The government still has an uneven approach to consultation on legislation. For instance, the bill that we may be debating today on housing assistance—we may not be debating it today; we may be debating it on Thursday—did not benefit from advice from the peak body on housing in the ACT: Shelter was not consulted. And remember that Shelter has been made responsible for community housing and given extra funding to take on that role. It might have been forgivable if ACTCOSS had been consulted, but it was not.

However, the other bill that we are debating today—the Children and Young People Bill—has been through an exhaustive process of consultation. Sure, it is long and legalistic, but my office could find little to amend after our own thorough reading and consultation. While we have concerns, we are saving them until we see how the act works on the ground. I refer to whether the alcohol and drug and mental health checks for parents called for in section 487 are onerous and incompatible with our human rights legislation, and whether children are adequately consulted about their future.

One might say that the planning and development legislation voted on earlier this year went through an exhaustive consultation process, too, but I would maintain that some groups were listened to more than others and that many people who will be affected do not at this point even know that the legislation exists.

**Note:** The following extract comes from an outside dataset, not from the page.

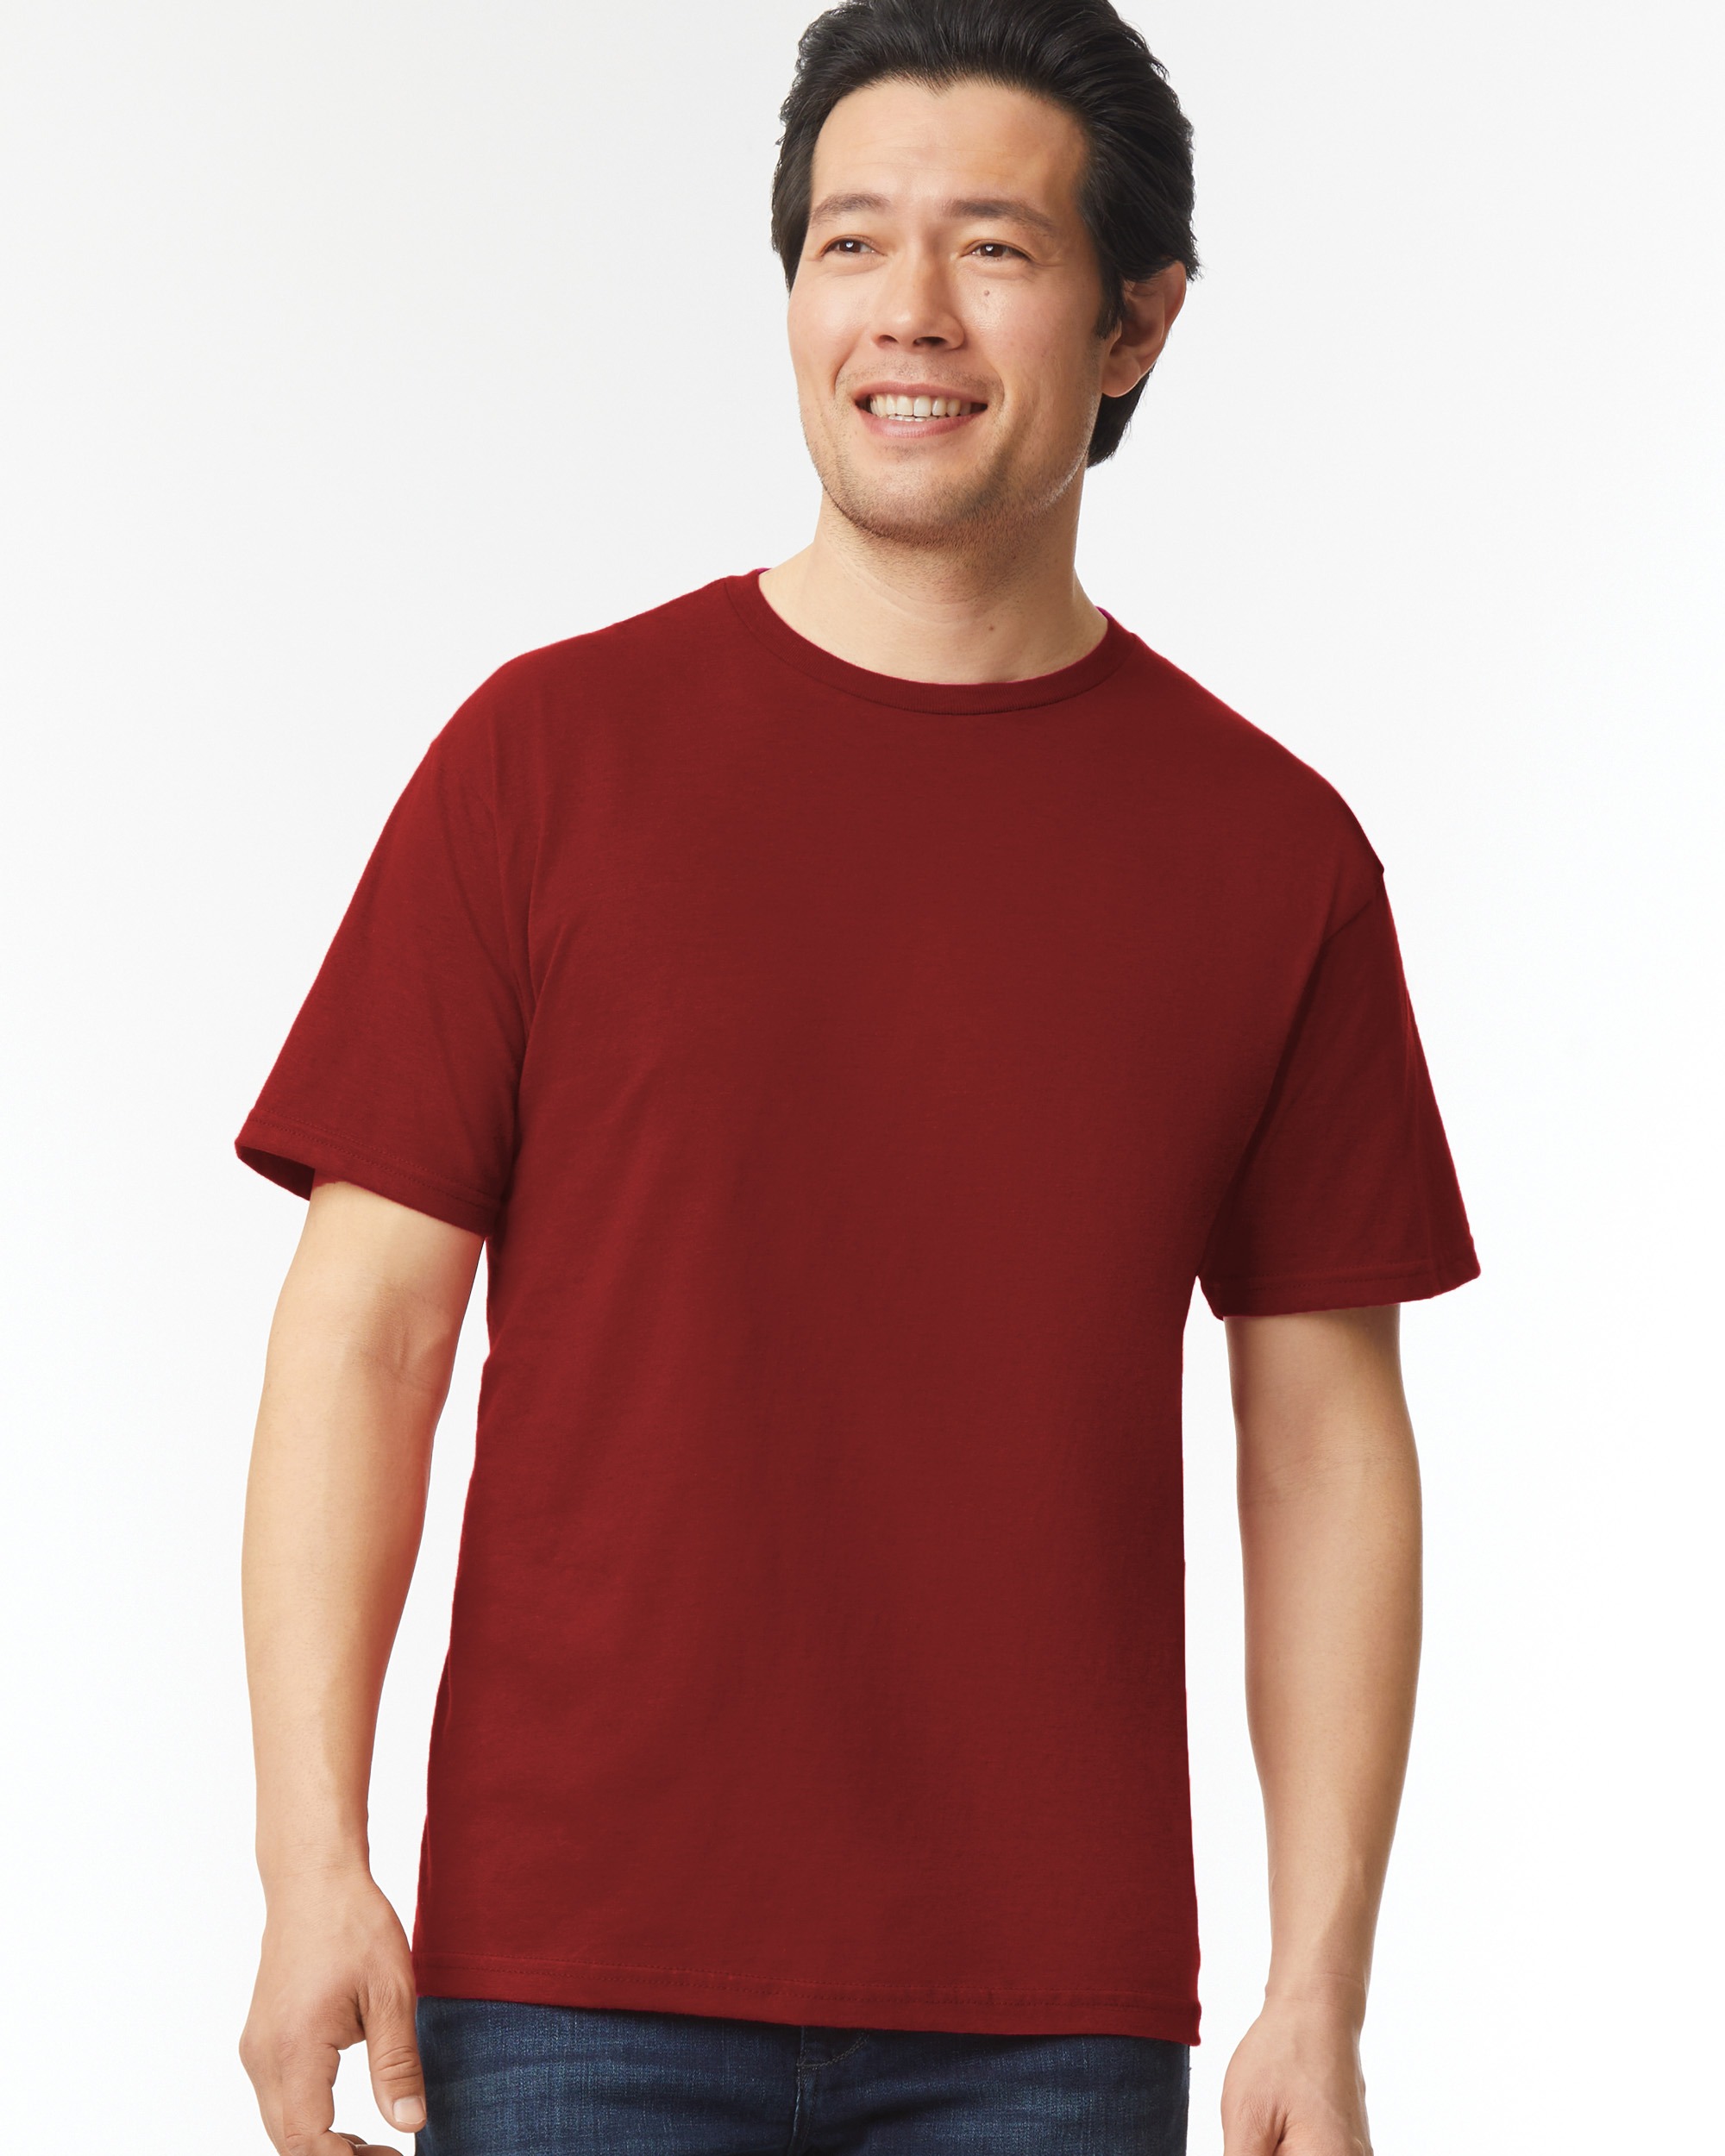 Gildan 64000 Softstyle Semi-fitted Adult T-Shirt - American Printworks

It seems to me that there is a very spotted record between agencies and across departments in the government. I would commend the government’s own community engagement manual to everybody. If that were followed, we would not be standing here today and complaining about consultation.

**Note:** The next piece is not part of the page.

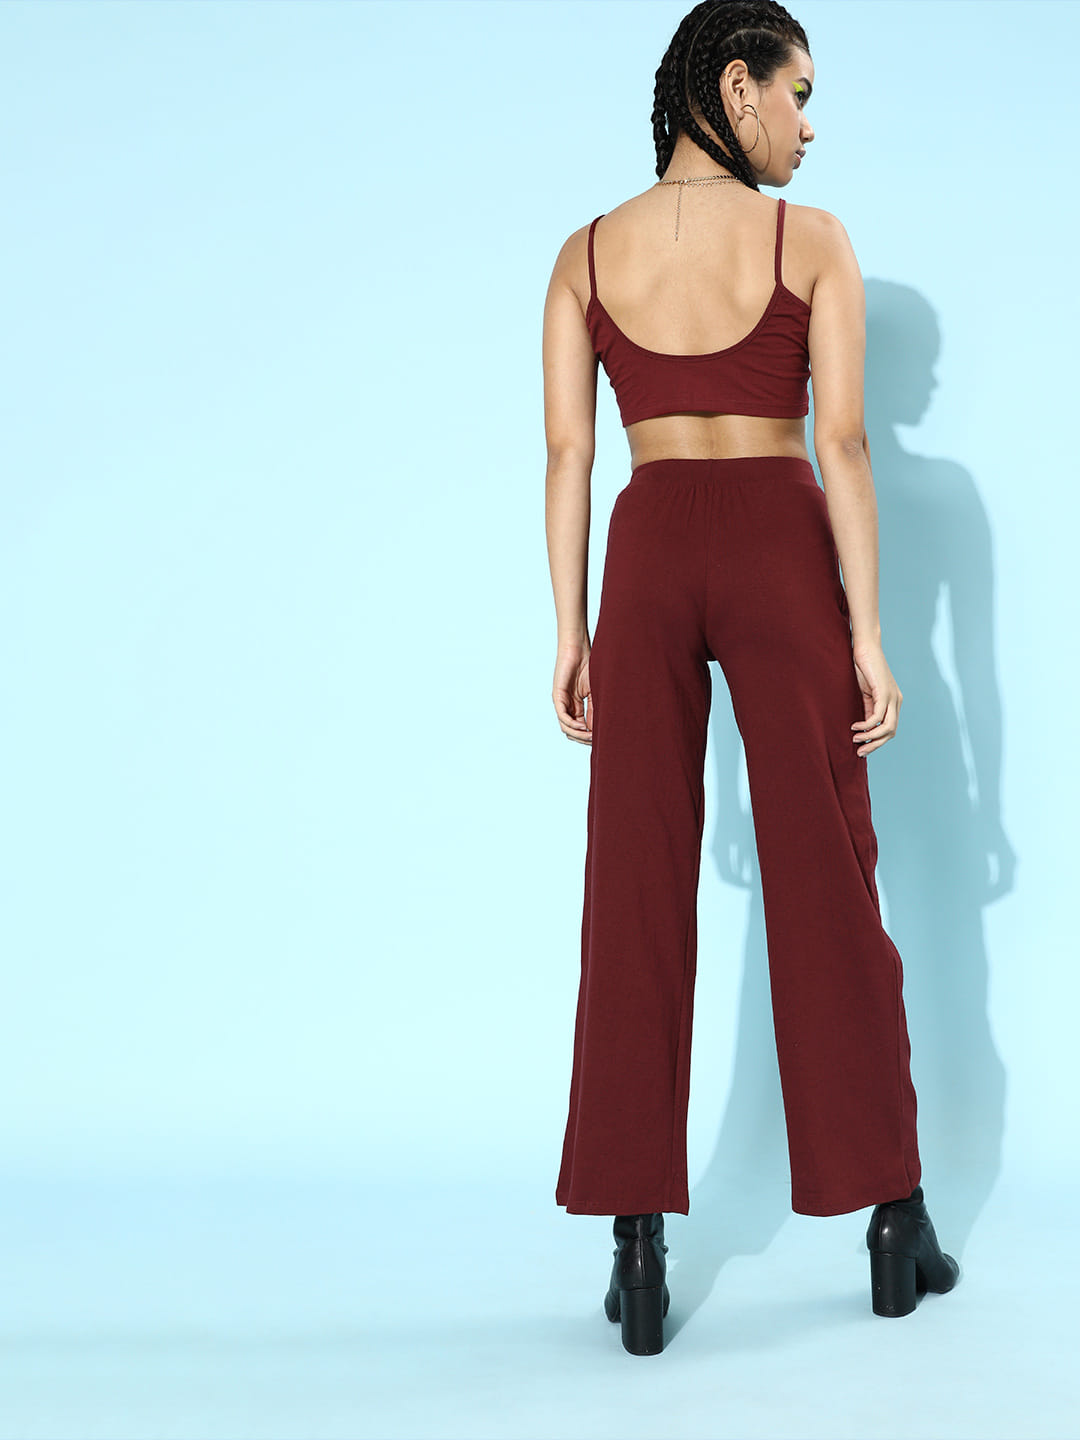 SCORPIUS Maroon Deep neck Coord Set with Pants

Let us look a little further at consultation on planning decisions. I have spoken at length about this topic in the Assembly. With the last iteration of the planning and development legislation, we have seen the death of proper community consultation on planning issues in the ACT. Never mind that the minister will cite statutory processes; we have seen ample evidence that the public on the whole will not find out about issues that concern them until the yellow notice goes up on the fence. Even then, they might not be bothered looking it up on the internet to find out how it affects them, so they will be taken by surprise when the new building goes up, or when they find out that the consultation period is over, or when they find out that they have no right to complain about it at all.

While I am on this topic, why don’t advertisements in the Canberra Times—expensive as we know them to be—tell the reader the location of the development application that they are advertising? Why doesn’t the yellow sign on the construction site-to-be say what kind of development is planned? It is hardly a transparent communication process.